There’s no dispute that a $48.9 billion merger announced in 2015 between health insurers Anthem Inc. and Cigna Corp. imploded two years later over antitrust concerns. Now, the question is whether one owes the other billions for the deal’s failure.
A Delaware judge will start the process of deciding that pricey dispute Monday in a trial of dueling lawsuits by Anthem and Cigna over the merger meltdown.
Cigna, which would have been acquired by Anthem, says it’s the injured party and is demanding about $15 billion. Anthem, which runs Blue Cross and Blue Shield plans in more than a dozen states, insists it’s owed $20 billion because Cigna dragged its feet to sabotage the deal.
The case provides a look at one of the largest corporate deals in the U.S. to go sour and a courtroom version of the blame game. It features competing narratives about how the transaction — which would have created the largest American health insurer by membership — wound up on the rocks.
“It’s a little surprising that this didn’t settle and it has to be hashed out in court,” said Larry Hamermesh, executive director of the University of Pennsylvania’s Institute for Law and Economics and an expert in Delaware corporate law.
The companies will probably reach a settlement in which Anthem pays Cigna something less than the full amount of the breakup fee of $1.85 billion, said Ana Gupte, an analyst at SVB Leerink. That would help Cigna reduce debt taken on from acquiring Express Scripts Holding Co. for $52.7 billion. Cigna sold $20 billion of bonds in September to help fund the deal.
“They need to pay down that debt in the next 18 months,” Gupte said. “From their standpoint, a $1.8 billion breakup fee is meaningful.”

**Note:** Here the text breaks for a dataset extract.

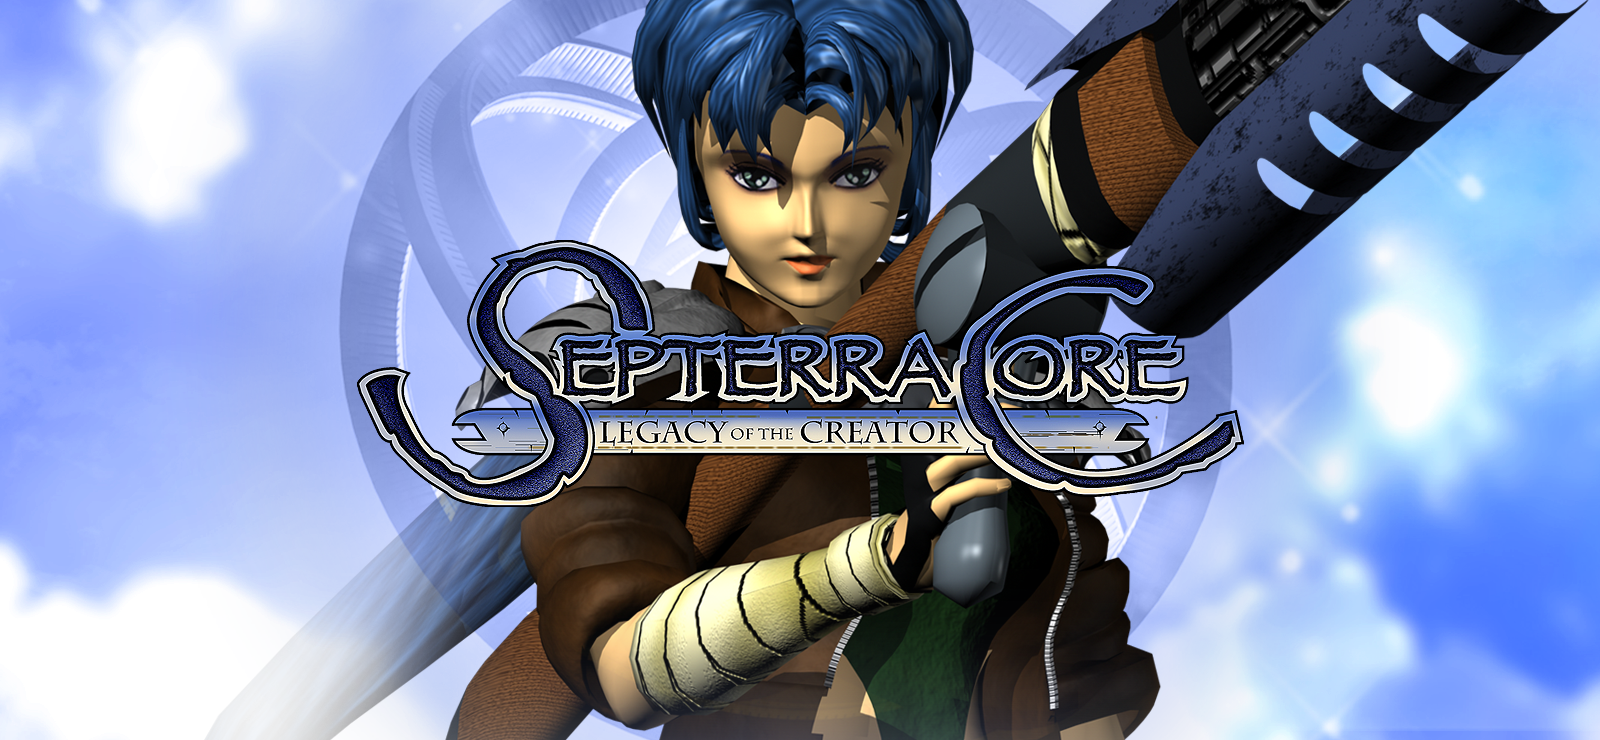 Septerra Core: Legacy Of The Creator

Brian Henry, a Cigna spokesman, said the company “strongly” believes in its case. Brooke Padilla, an Anthem spokeswoman, didn’t immediately return an email seeking comment.
Delaware Chancery Court Judge Travis Laster is no stranger to the two companies’ jousting over the deal. Laster ruled in May 2017 that Cigna could walk away from the merger because another court blocked the deal as anticompetitive.

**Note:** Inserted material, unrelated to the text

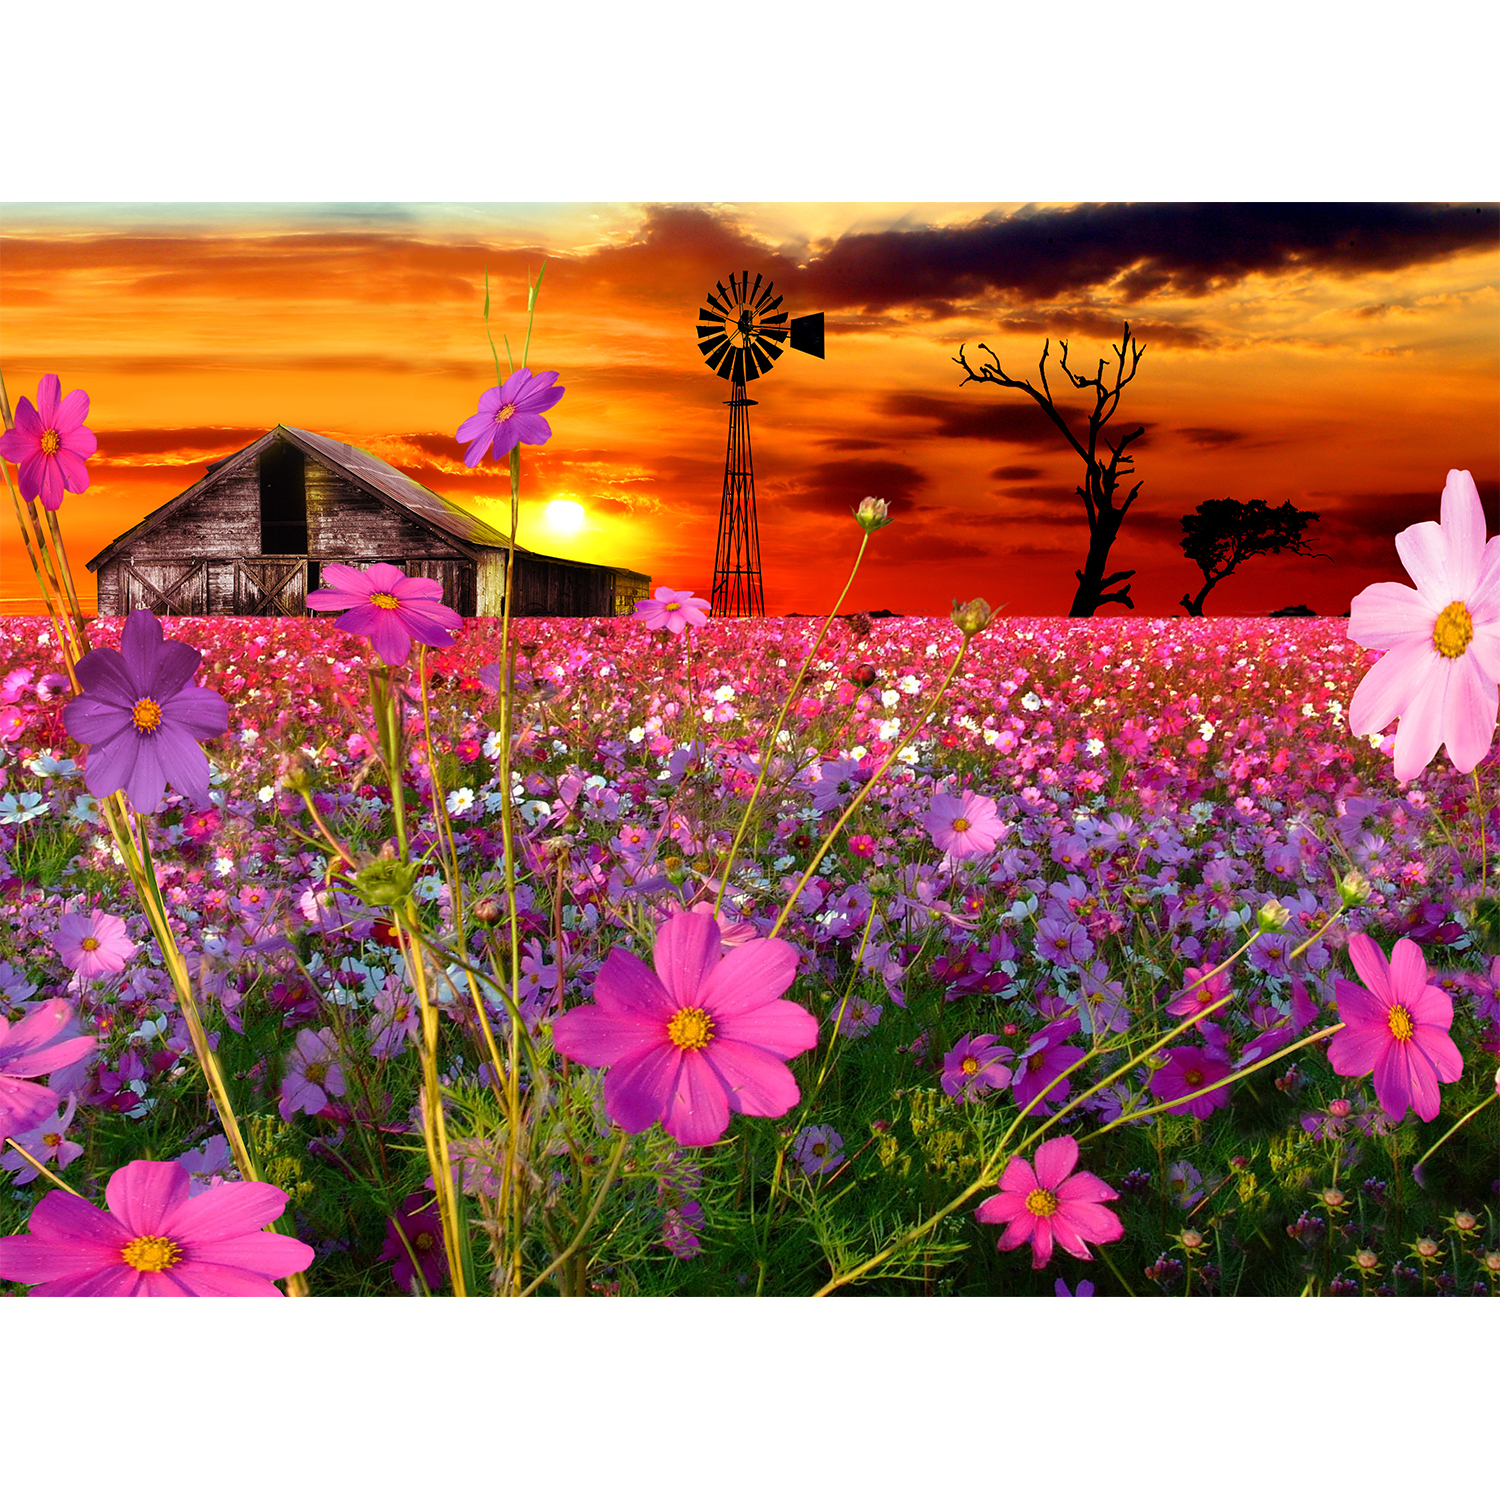 sunset in with Cosmos, a windmill and barn

The 10-day trial in Wilmington is set to feature testimony from top executives and Blue Cross Blue Shield Association Chief Executive Officer Scott Serota. He’s expected to testify about Cigna’s claims that Anthem violated a requirement to use its best efforts in addressing the merger’s anticompetitive effects and the government’s objections.
Anthem offered to buy Cigna in a 2015 cash and stock deal to bulk up and gain negotiating power to cut care-providers’ rates. Anthem officials also said the combination would pump up enrollment in its Medicare Advantage programs in high-growth states such as Florida and Texas. Those programs offer care to patients 65 years and older.
The U.S. Justice Department’s antitrust division sued in 2016 to block the tie-up, arguing it would further consolidate an already concentrated market and lead to higher costs for employers and consumers.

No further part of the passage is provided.